In practice, the safe bet is to pick a materialization to work with and stick
with it for your analyses. If you are working with the public release data, this
isn’t much of a problem since you have only very few versions and no “live” data
to work with anyway. Use get_materialization_versions()
to
get a list of available versions.
Let’s explore this a bit:
>>> # Import the flywire module
>>> from fafbseg import flywire
>>> # We will use the public dataset for this tutorial
>>> flywire.set_default_dataset("public")
Default dataset set to "public".
>>> # Check which materilizations are available
>>> flywire.get_materialization_versions()
time_stamp | expires_on | is_merged | datastack | version | valid | status | id | |
---|---|---|---|---|---|---|---|---|
0 | 2023-03-21 08:10:00 | 2121-11-10 07:10:00 | True | flywire_fafb_public | 630 | True | AVAILABLE | 718 |
As you can see, at the time of writing there is only a single materialization
available for the public release dataset: 630
.
This also means that all queries automatically go against that materialization:
>>> # Fetch the root IDs at given x/y/z coordinate(s)
>>> roots = flywire.locs_to_segments([[75350, 60162, 3162]])
>>> roots
array([720575940631680813])
>>> # We can also specify a timstamp matching the materialization version
>>> # which will be useful later when more versions are available
>>> roots = flywire.locs_to_segments([[75350, 60162, 3162]], timestamp='mat_630')
>>> roots
array([720575940631680813])
What if you’re given a list of root IDs and want to check if they are still up-to-date - or match a given materialization version?
>>> # Check if root IDs are outdated (i.e. have more recent edits)
>>> flywire.is_latest_root([720575940625431866, 720575940621835755])
array([ True, False])
>>> # Likewise, we can ask if they were current at a given materialization
>>> flywire.is_latest_root([720575940625431866, 720575940621835755],
... timestamp='mat_630')
array([ True, False])
Is there a way to map root IDs back and forth?
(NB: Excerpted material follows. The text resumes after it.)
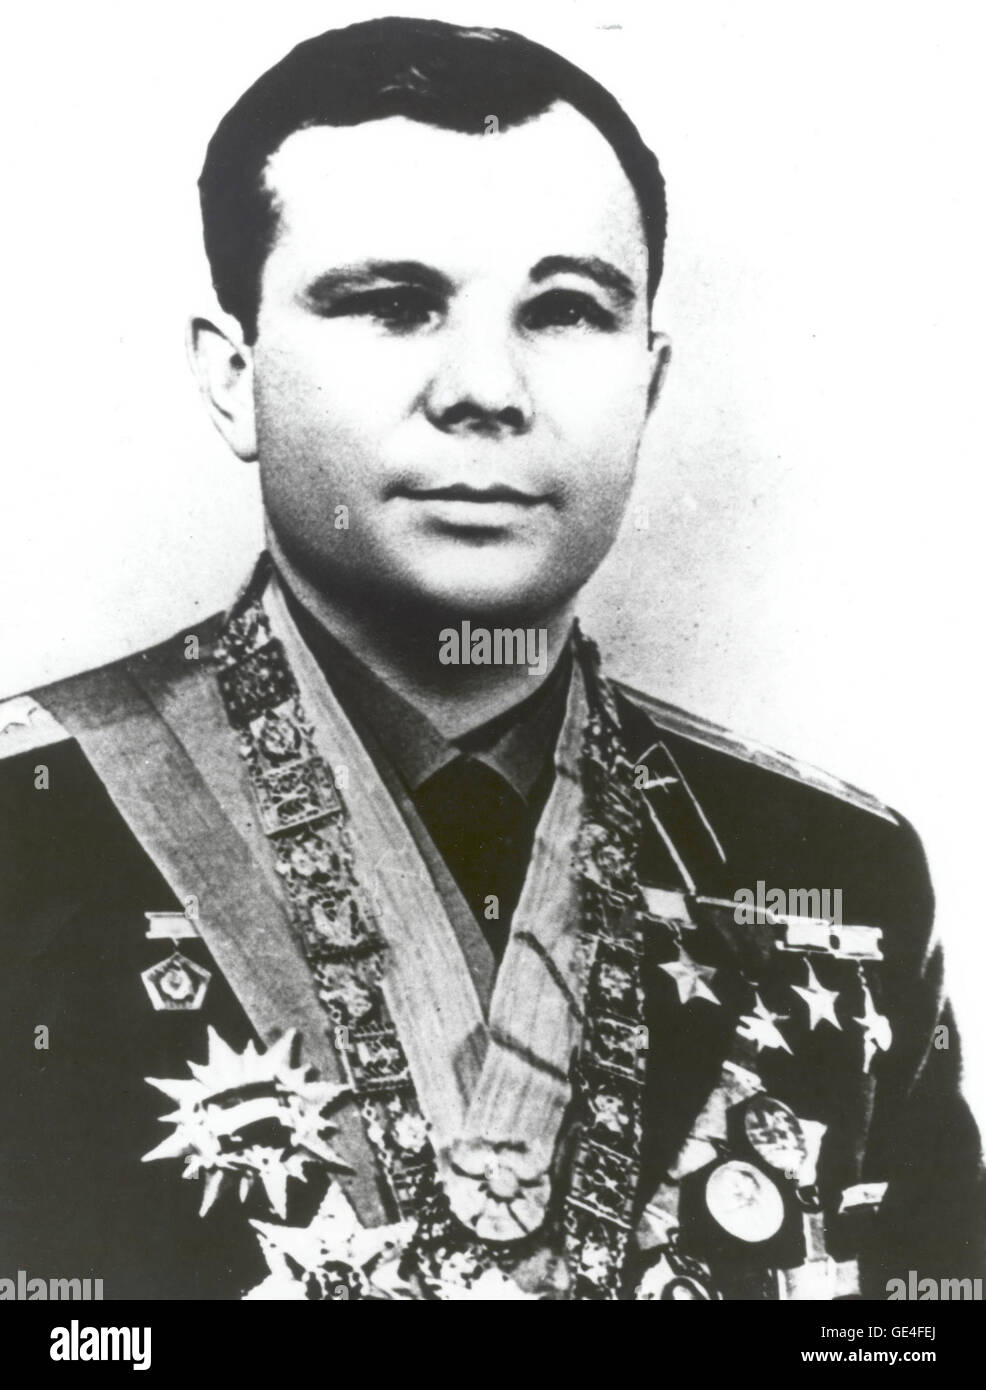 Yuri Gagarin wurde am 9. März 1934 in einer Stadt außerhalb von Moskau, Russland geboren. Nach dem Abitur im Jahre 1949 ging Gagarin an mehrere Fachschulen vor seinem Eintritt in die Air Force-Hochschule Orenburg im Jahr 1955. Er begann seine Ausbildung im Jahr 1960 zusammen mit 19 anderen Kandidaten Kosmonaut. Am 12. April 1961 am 09:06 Gagarin abgehoben in der Wostok 1 Raumfahrzeug und nach einem 108-minütige Flug von erweiterten Mikrogravitation, Fallschirm er sicher auf den Boden in der Region Saratow der UdSSR. Als der erste Mensch im Weltraum fliegen absolvierte er eine Umlaufbahn um die Erde. Nach seinem Stockfoto

There is! We can take a root
ID, find its constituent supervoxels and then ask which root IDs they belonged
to at a given point in time. This is what update_ids()
does:
>>> updated = flywire.update_ids(
... [720575940621835755, 720575940608788840, 720575940628913983]
... )
>>> updated
old_id | new_id | confidence | changed | |
---|---|---|---|---|
0 | 720575940621835755 | 720575940636873791 | 0.99 | True |
1 | 720575940608788840 | 720575940636873791 | 1.00 | True |
2 | 720575940628913983 | 720575940636873791 | 0.94 | True |
In the above example all old IDs are “ancestors” to the same current root ID.
Note that by default, update_ids()
will map to the
most current version but it also accepts a timestamp
parameter which lets
us map to a specific point in time.
Want to track how a neuron was edited over time? Easy:
>>> edits = flywire.get_edit_history(720575940625431866)
>>> edits.head()
after_root_ids | before_root_ids | is_merge | operation_id | segment | timestamp | user_affiliation | user_id | user_name | |
---|---|---|---|---|---|---|---|---|---|
2 | [720575940625153661] | [720575940613909190] | False | 546853 | 720575940625431866 | 2021-08-19 09:10:18.090 | Greg Jefferis Lab | 957 | Varun Sane |
3 | [720575940626449738] | [720575940617774213, 720575940625153661] | True | 546854 | 720575940625431866 | 2021-08-19 09:10:36.280 | Greg Jefferis Lab | 957 | Varun Sane |
4 | [720575940604045489] | [720575940618706267] | False | 546855 | 720575940625431866 | 2021-08-19 09:11:20.009 | Greg Jefferis Lab | 957 | Varun Sane |
5 | [720575940626907179] | [720575940604045489, 720575940626449738] | True | 546856 | 720575940625431866 | 2021-08-19 09:11:34.230 | Greg Jefferis Lab | 957 | Varun Sane |
6 | [720575940604045745] | [720575940626907179, 720575940626995629] | True | 546857 | 720575940625431866 | 2021-08-19 09:12:06.042 | Greg Jefferis Lab | 957 | Varun Sane |
Please see the API documentation for a full list of segmentation-related functions.